I turn to Marcie and her friend. ‘Go now. Don’t ever come back in here. Stay off the strip.’
They kiss and hug me for a minute, like I’m an old rock star.
‘Thanks, Daddy,’ blurts Marcie. Then, ‘Oops. Sorry. I mean thanks, mister.’
Then they’re gone, skittering across the casino, sandals slapping the floor.
‘Thanks, Daddy,’ says Brandi, imitating the California/MTV twang that all kids speak with these days, then she cracks up laughing. ‘I don’t believe this, Dan. You own the club.’ She stamps the heels of her Catwoman boots with sheer joy. ‘That asshole’s time has come. I should crack his skull for all the shit I’ve had to put up with these past months.’
‘Don’t crack anything yet, Brandi. Vic hasn’t signed the lease over.’
‘Hmm,’ says Brandi.
She rouses her ex-boss with a sleet of ice from a steel bucket. As soon as he signs, she cold-cocks him with the bucket.
‘Finally this club is going to rock,’ she sings, pouring herself a healthy shot of bourbon. ‘We can get some professional girls working in back. Maybe cut a deal with Irish Mike for some product. Make us some serious money.’
I can see I’m going to have staff problems.
Jason shows Vic and AJ the door with unseemly glee. He actually sings them out using the tune from ‘YMCA’ and his own lyrics:
‘Get-the-Fuck-Out,
You pair of assholes.
Get-the-Fuck-Out,
And don’t come back here!’
I’m impressed. I haven’t seen Jason this happy since his signed Lou Ferrigno T-shirt arrived.
News spreads across the club like electricity across water, spasming everyone it touches. Pretty soon the entire staff are gathered outside the back room waiting for some kind of pep talk.
Talking to staff is not my area. Having staff is not my area, for Christ’s sake. Travel light has always been the code I live by, and yet somehow here I am with a casino and a dozen people depending on me for a living.
My transplants are itchy.
Thank God the wages were paid yesterday.
What about me? Ghost Zeb pitches in. Don’t forget about me.
And Zeb is still Irish Mike’s captive. Irish Mike who collects a little tribute every month from Slotz.
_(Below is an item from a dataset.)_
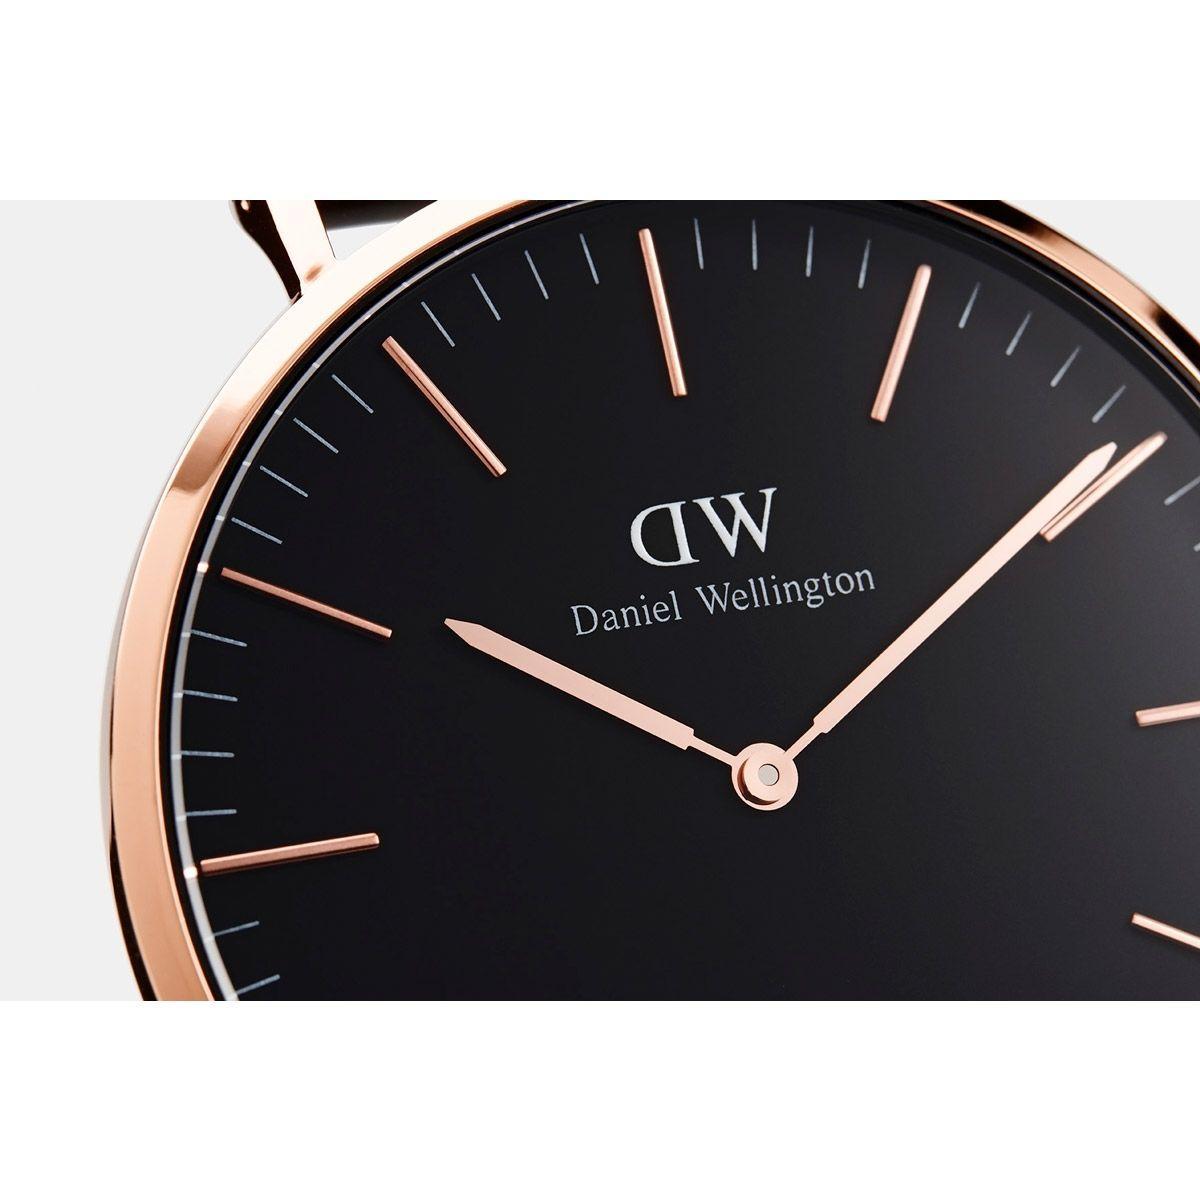 dw官网 dw手表官网 dw中国官网 dw官方旗舰店 DW DW官网  W Classic Black Cornwall RG 40mm

It seems every time I crawl out of no-man’s-land, the earth tilts and rolls me back in.
I hear Brandi’s steel heels clacking across the casino floor and I decide to face the music before she launches into another tirade. I rise, check my skullcap in a remaining shard of busted mirror and duck under the door frame to meet my public.
It’s a weird feeling to have subordinates smiling at you; didn’t happen a lot in the army. Mostly in the army people muttered gobshite under their breath when I was dishing out orders. But here, all I’m getting is happy faces.
Jason is still riffing on ‘YMCA’.
‘Dan-Mac-Evoy,
Is fucking awesome,
Dan-Mac-Evoy,
Kicked Victor Jones’ goddamn ass!’
He abandons the song’s structure for the last line, but nevertheless his efforts earn him
an enthusiastic round of applause.
‘Okay,’ I say, forcing a smile. ‘Okay. I thank you, Jason. The Village People thank you.’
More laughing. Marco tickles Jason in the ribs, which opens my eyes about a couple of things.
‘For tonight, we do everything as normal. Except the booths; no more hands-on in the booths. Anyone has a problem with that, talk to me later. Also, anyone working off a debt, you don’t owe me a dime, so from now on we all get paid.’
A couple of smiles from those no longer in the hole, but the hands-on girls don’t seem too thrilled.